The rare time I had enough money in my pocket as a kid to cause a dilemma over what to buy, the same three items recurred in my mind. Our Town & The West Side Spirit published my column on this situation titled, "My Spauldeen & Me."
Yesterday, I strolled through Central Park. Resting on a bench in front of the Delacorte Theater, I turned my eyes to the center of the Great Lawn. I saw myself lying face up on the grass at 9 years old, throwing a ball up in the air as far as I could, never letting my back lose contact with the ground.
Summer 1963: “Mom, please give me a quarter, I’m dying, come on, give me a quarter, I really need a quarter, I’m on my knee, Uncle Mommy, I want a quarter!”
Mom gave me a dime and spun me toward the door out of the apartment. I’d already had six cents. Walking up 83rd Street, I went through everybody’s garbage and found five soda bottles. That made 10 cents. When Murray Parker passed me the deposit money, he made a face because I didn’t buy anything from him. I had my quarter plus a penny. The quarter triggered my dilemma: three of my favorite things cost 25 cents.
My first consideration was crap. My favorite crap combo was a 16-ounce Pepsi with Yankee Doodles, three to a pack. Brilliant! That gorgeous, swirled bottle—what a grip! I never dropped it, and I dropped everything. If other kids had 12-ounce sodas you’d torture them, finishing the 16-ouncer real slow with sound effects, “Hmmm,” “Oh my God, that’s good,” “Oooooh!” The third Yankee Doodle was a gift. You never got three things. After the second doodle, your mouth would calm down, disappointed nothing further was going in it. Then, all of a sudden, your mouth is being stuffed for a third time with fluffy chocolate cake and cavity-causing vanilla crème. If you’re lucky, a gob of crème stays on your upper lip for a while and you don’t realize it’s there until your tongue goes out for a walk and brings it back into your mouth. The third cupcake went down your throat like a royal coach.
Occasionally, I’d ignore my stomach and consider choice number two: a balsa wood glider.
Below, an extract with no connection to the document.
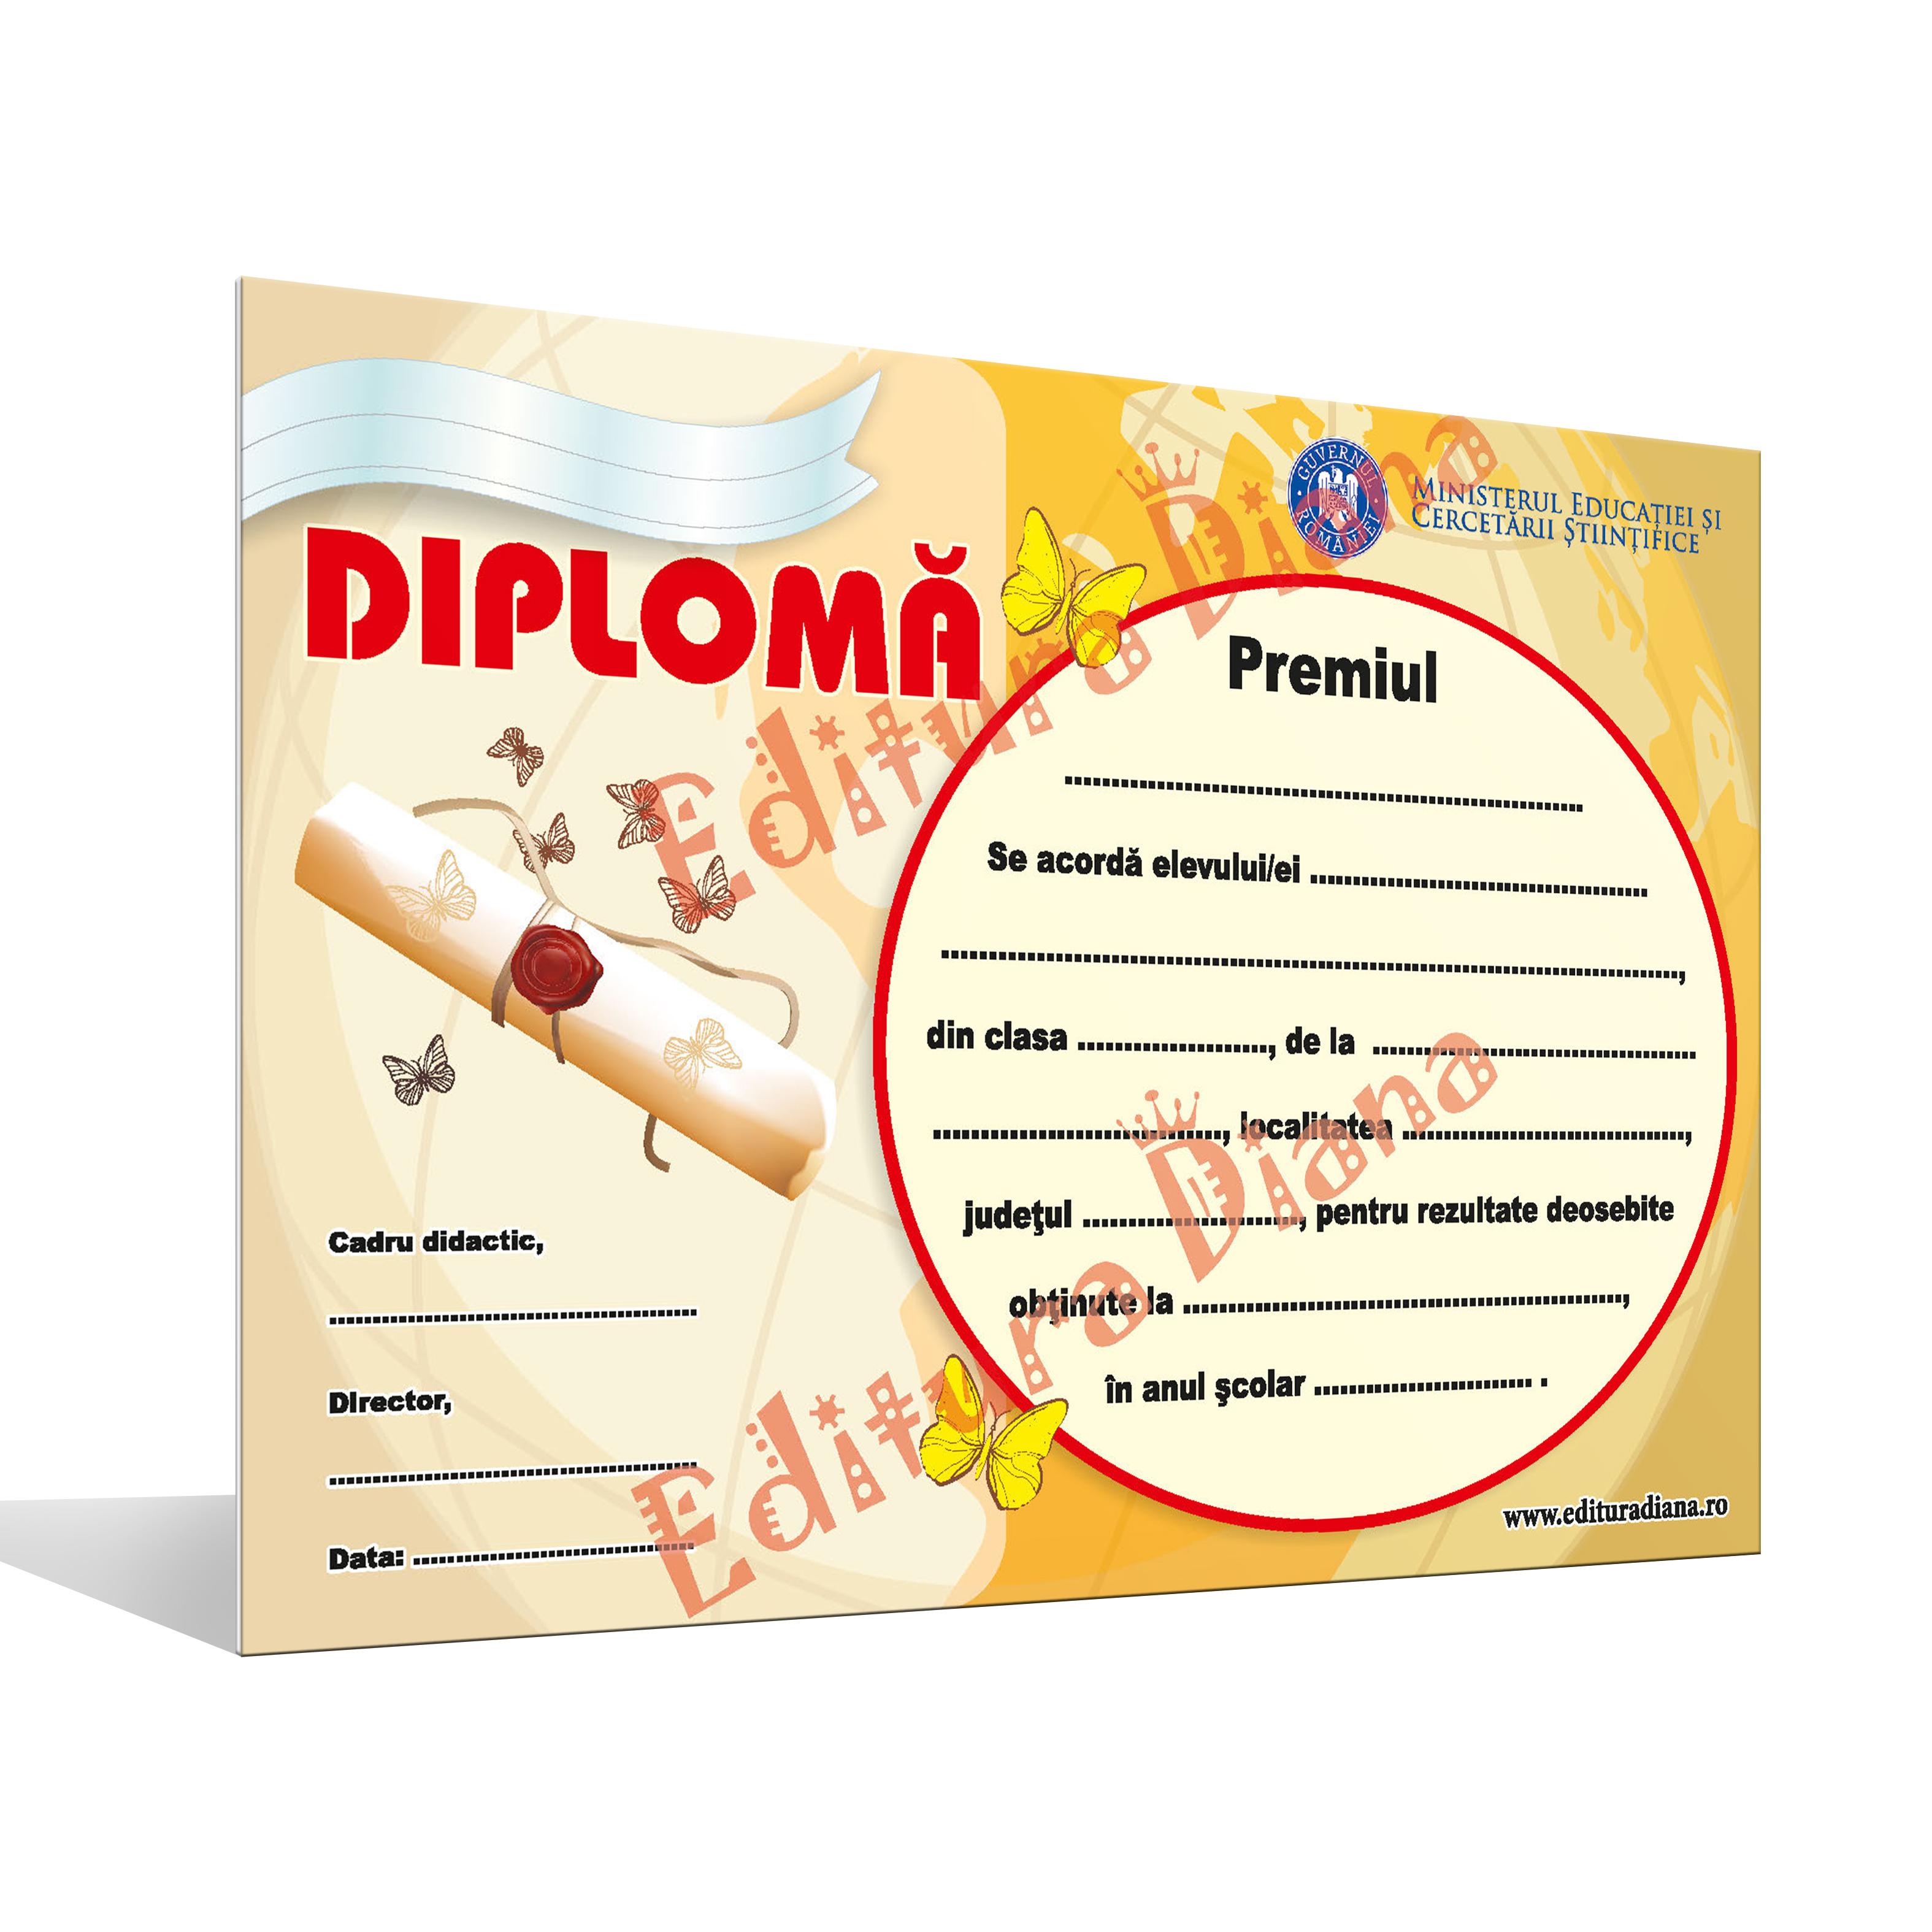 Diplomă de Premiu A4 imagine edituradiana.ro

They all had names—“Hornet,” “Mustang” or “Scout.” The aircraft’s propeller was powered by a rubber band. In a classroom, you could make a plane out of a sheet of loose leaf and, at best, clock a kid in the noggin four or five rows away. With a propeller on your plane, you were going places. Exotic flight plans danced through my head before the first journey. Sometimes there was no second flight. The plane was fragile. This was a short-lived toy, like having a butterfly for a pet.
Winding the propeller up, I’d send her off. The glider sailed passed the German butcher. narrowly missing the store’s awning. Climbing to the second story it veered left, hitting a wall of wind, did two quick loops and landed on a fire escape.
The painful memory of these lost aircraft led me to door number three: a Spauldeen. A high-bouncing, reject tennis ball. You tested its quality by dropping it from shoulder height—the one you picked must have superior bounce.
In Joe’s Candy Store, I’d proceed with my ritual. During a test, you developed immunity to being shooed away.
“Pick a ball and get out of here.”
“That’s what I’m trying to do.”
“They’re all good.” He grabbed one and squeezed it. “See?”
He almost smiled. This frightened me.
“Yes,” I said, “but one of them is better than all the others.”
“You just tried that one,” he said.
“Not true. I have a system. I repeat no ball.”
“I repeat: Pick a friggin’ ball. Now!”
I found one, said, “Bye, Joe,” and left a quarter on the counter.
Working my way down my street, I joined games in progress that moved me:Ace, King, Queen, and then some Off the Point. Finally, I’d run over to Central Park and find a perfect spot in the middle of the Great Lawn, lie on my back and toss the ball as high as possible, over, over and over again. Nothing eased loneliness like a game of catch—even when it was just my Spauldeen and me.
2 comments:
My brother and I visited our Grandma near 2nd & 86th from the late 60s and early 70s. She was on an upper floor of an ancient building. We would play catch from the fire escape to the street and back with our cousin Leo, throwing one of those Spaulding balls from the street to fire escape and back.
Thank you, Pablo, for sharing your experience. 2nd Ave & 86th Street was the center of the Yorkville universe in the 1960s & 1970s.